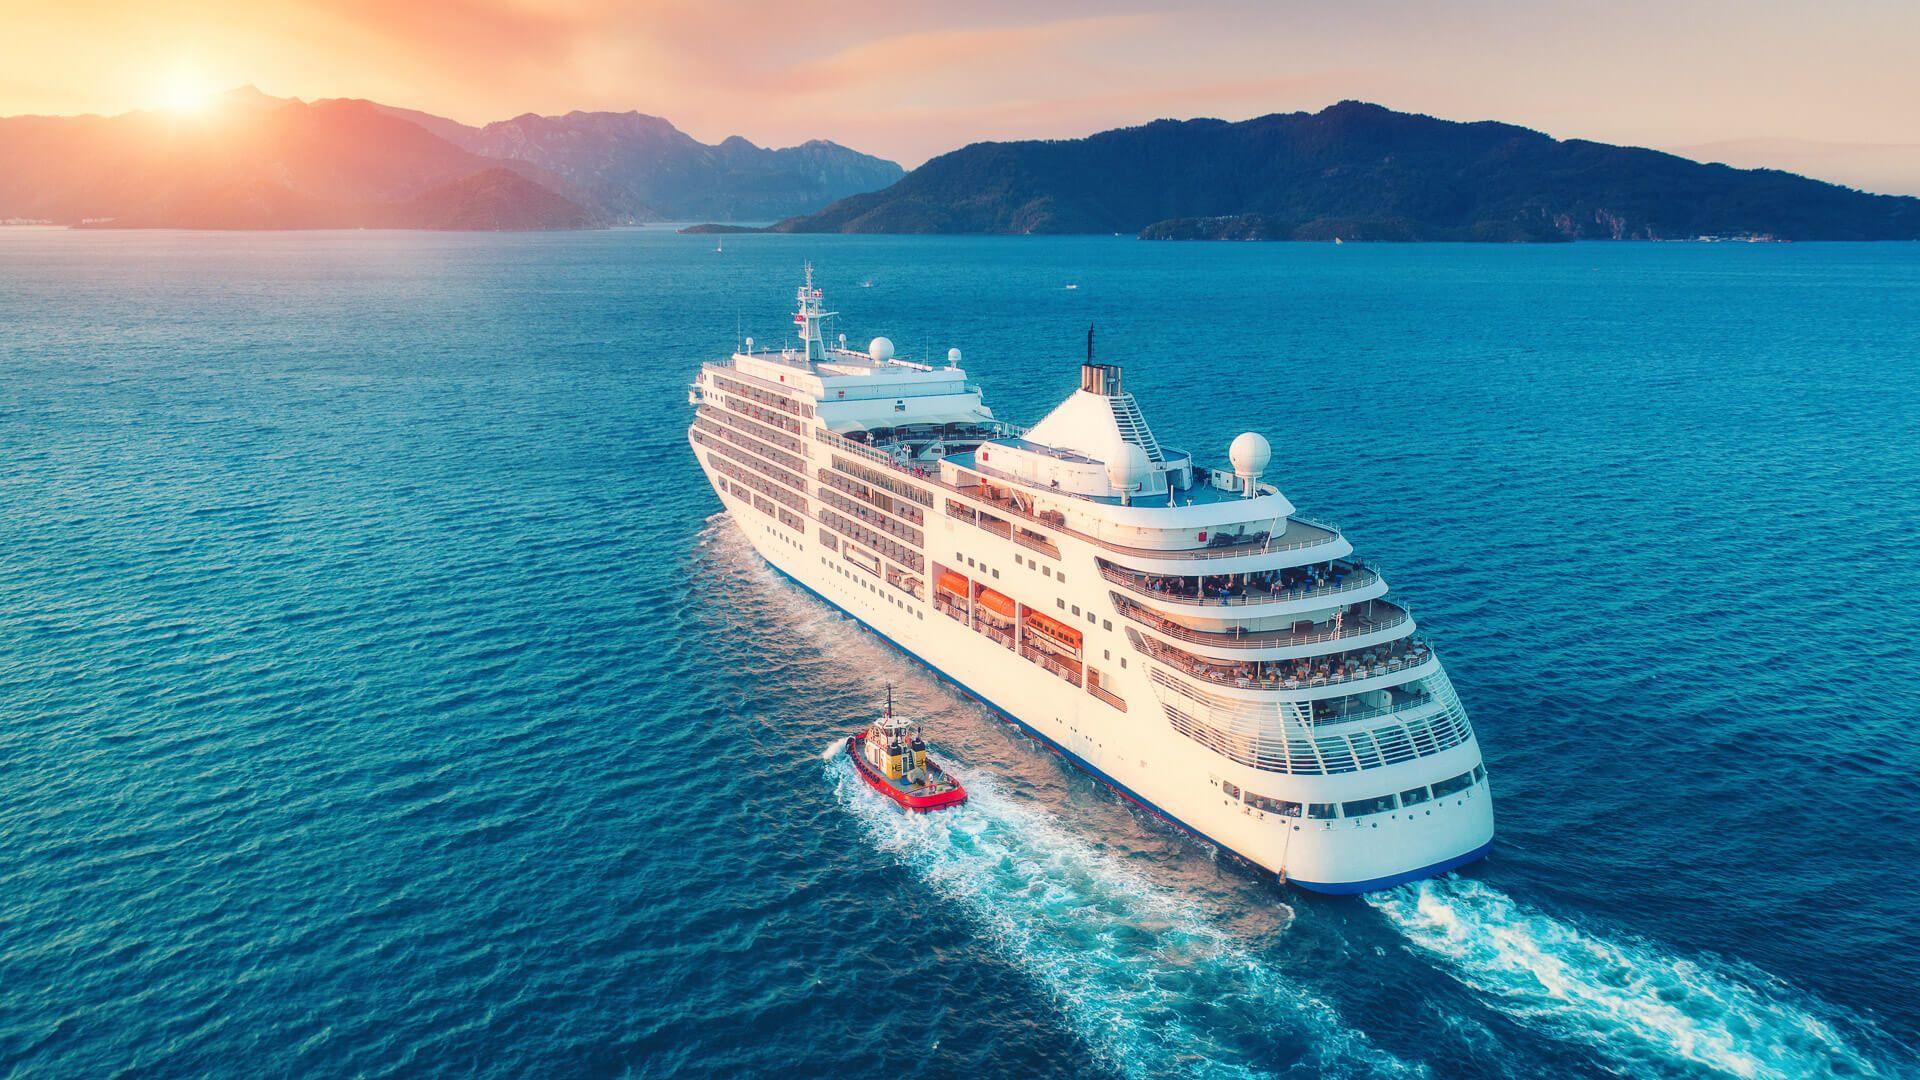 cruiseline approaching land port
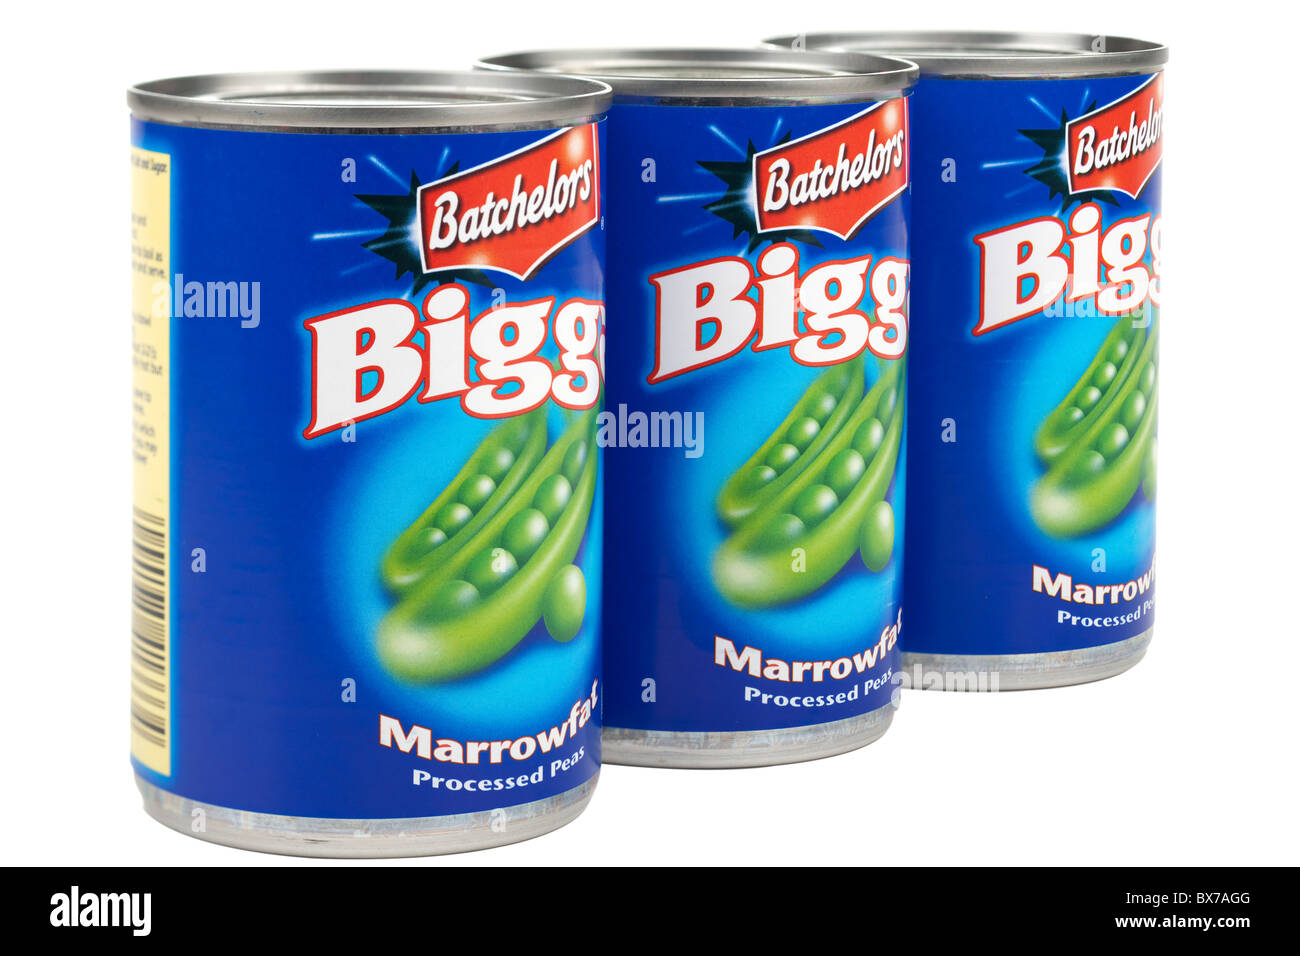 Three tins of Batchelor's Bigga Marrowfat peas - Stock Image
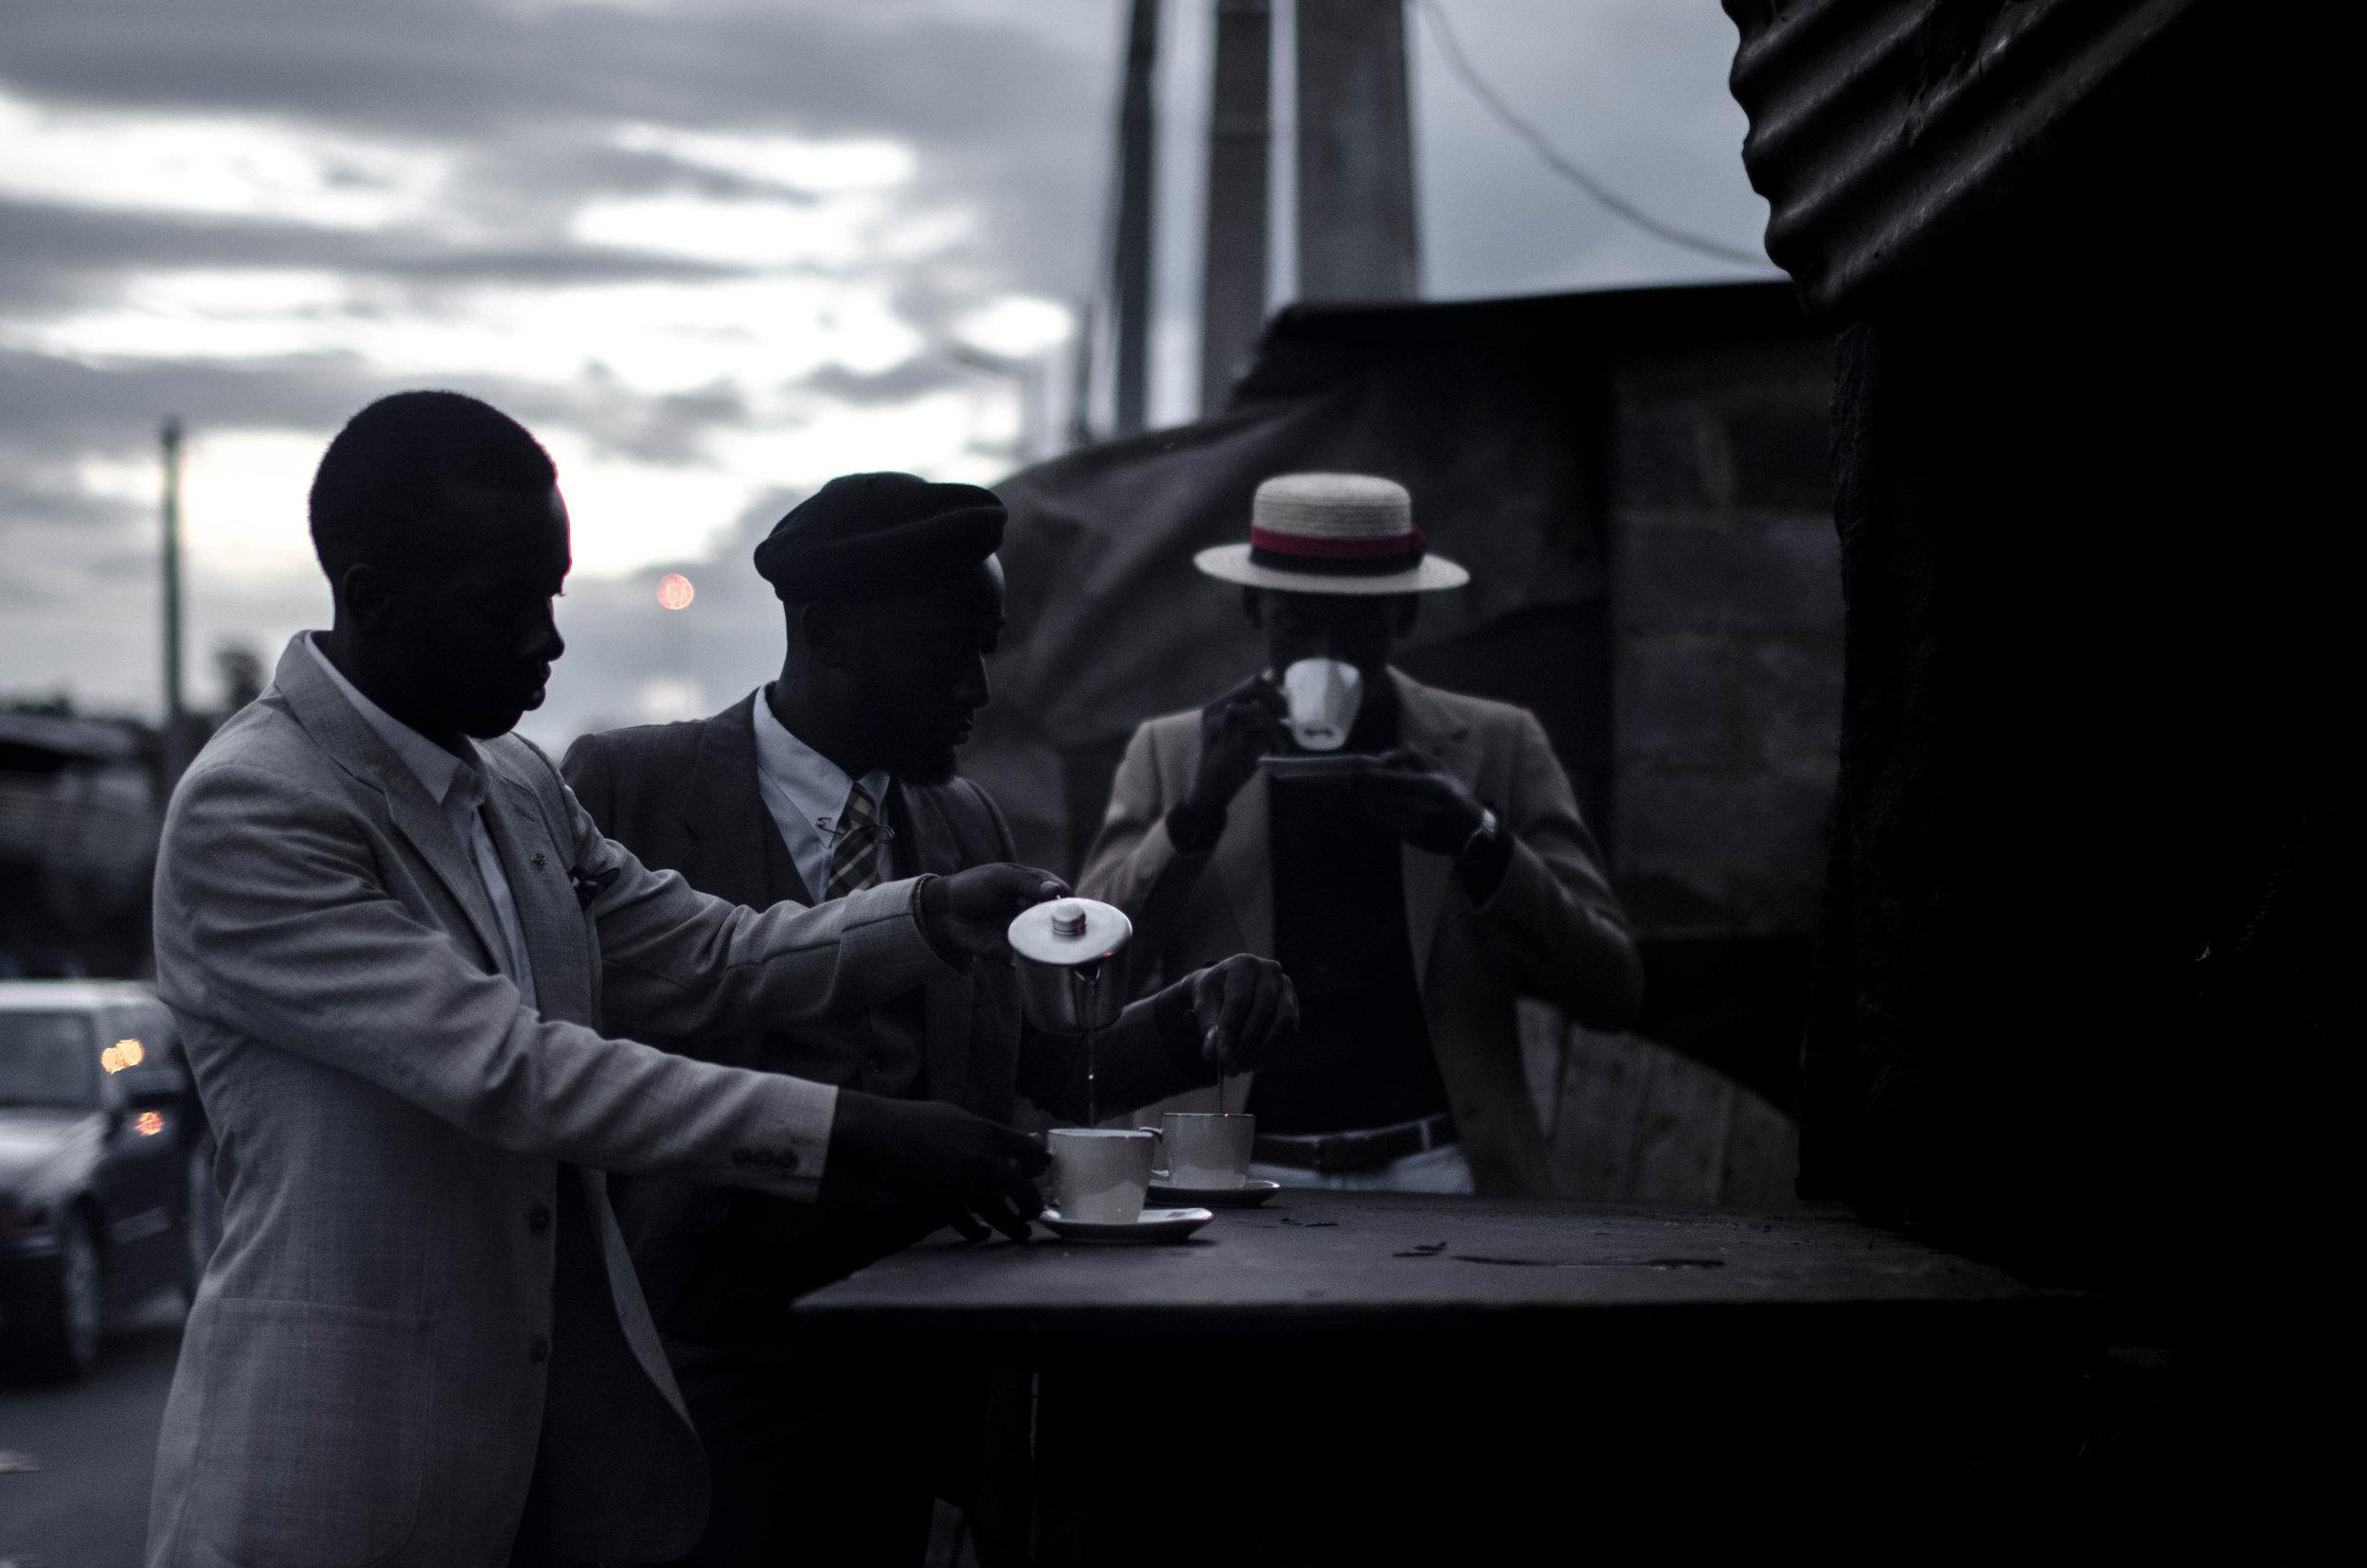 H.Hamese, David Maledimo, Lourens Gebhard and Bafana Mthembu – The three stages of preparing tea, 2014.jpg
• • • •
*EXERCISE:* Exactly as given, set down each line of the material, but include no pictures.

*RESULT OF THIS EXERCISE:*
 cruiseline approaching land port
 Three tins of Batchelor's Bigga Marrowfat peas - Stock Image
 H.Hamese, David Maledimo, Lourens Gebhard and Bafana Mthembu – The three stages of preparing tea, 2014.jpg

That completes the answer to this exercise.